On the morning of the eighth day, Bowersox used Endeavour’s thrusters to slightly raise and circularize Hubble’s orbit. Hoffman and Musgrave stepped outside for the mission’s fifth and final spacewalk. When the two newly installed solar arrays failed to deploy after ground commanding, they manually deployed them, and the arrays unfurled without incident. They next replaced the solar array drive electronics and fitted an electronic connection box on the GHRS instrument. Hoffman and Musgrave’s final task involved installing covers, manufactured by Bowersox and Nicollier on board the shuttle, on the telescope’s magnetometers. The final spacewalk lasted 7 hours 21 minutes, bringing the mission’s total spacewalk time to 35 hours 28 minutes. Once back inside Endeavour, Hoffman celebrated the first Hanukkah in space during a televised broadcast, displaying a traveling menorah, unlit of course, and a spinning dreidel.

European Space Agency astronaut Claude Nicollier grapples the Hubble Space Telescope, with its high-gain antenna deployed, just prior to release Hubble slowly drifts away from Endeavour A distant view of Hubble, right, with a crescent Moon
Left: European Space Agency astronaut Claude Nicollier grapples the Hubble Space Telescope, with its high-gain antenna deployed, just prior to release. Middle: After its release, Hubble slowly drifts away from Endeavour. Right: A distant view of Hubble, right, with a crescent Moon.

On flight day nine, Nicollier grappled Hubble with the RMS for the final time and lifted it above the payload bay. Ground controllers commanded its aperture door to open, and Nicollier released the telescope. Bowersox fired Endeavour’s thrusters to slowly back away from the telescope. The next day, the astronauts enjoyed a well-deserved day of rest. They returned the shuttle’s cabin pressure to 14.7 psi and tidied up the spacecraft. On the mission’s 11th day, Covey and Bowersox tested Endeavour’s flight control surfaces and practiced touchdowns using a laptop computer, all in preparation for deorbit, entry, and landing the following day.

Astronaut Richard O. Covey guides Endeavour to a landing at NASA’s Kennedy Space Center (KSC) in Florida Workers at KSC continue to safe Endeavour following its landing Images of M100 galactic nucleus before, left, and after the first servicing mission showing the improved optical qualities
Left: Astronaut Richard O. Covey guides Endeavour to a landing at NASA’s Kennedy Space Center (KSC) in Florida. Middle: Workers at KSC continue to safe Endeavour following its landing. Right: Images of M100 galactic nucleus before, left, and after the first servicing mission showing the improved optical qualities.

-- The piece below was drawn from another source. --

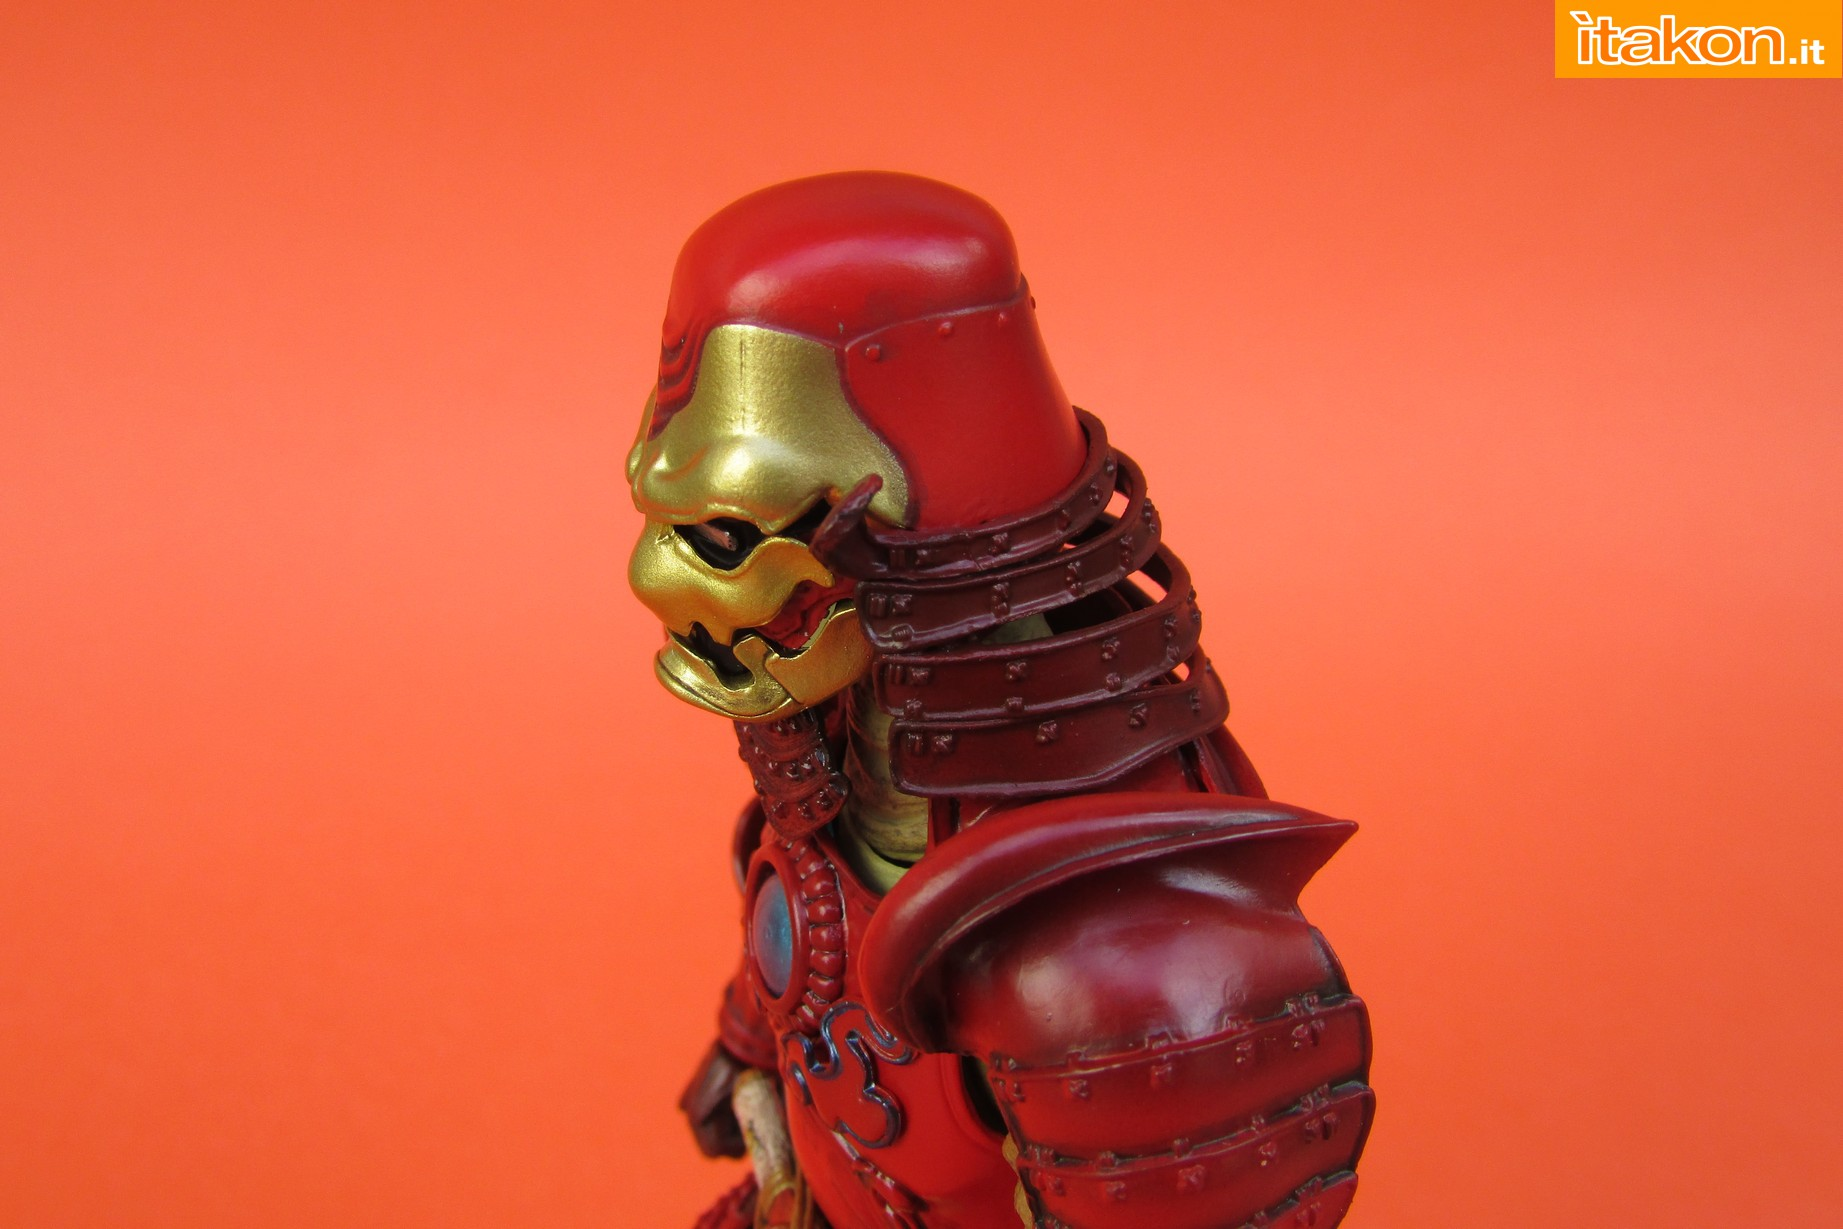 Link a Marvel Comics Koutetsu Samurai Iron Man Mark 3 Meishou MANGA REALIZATION review Bandai Itakon.it28

On Dec. 13, 1993, their 12th and final day in space, the astronauts donned their pressure suits and prepared for the return to Earth. Due to predicted worsening weather conditions at KSC, Mission Control elected to bring them home one orbit earlier than planned. Covey guided Endeavour to a smooth landing at night at KSC, concluding a flight of 10 days, 19 hours, 59 minutes. They circled the Earth 163 times. Within a month, new images from Hubble indicated the repairs returned the telescope to its expected capabilities, providing astronomers with a unique observation platform. The lessons learned from planning and executing the complex series of spacewalks, with extensive coordination with teams on the ground, proved highly useful not only for future Hubble servicing mission but also for the difficult spacewalks required to assemble and maintain the International Space Station.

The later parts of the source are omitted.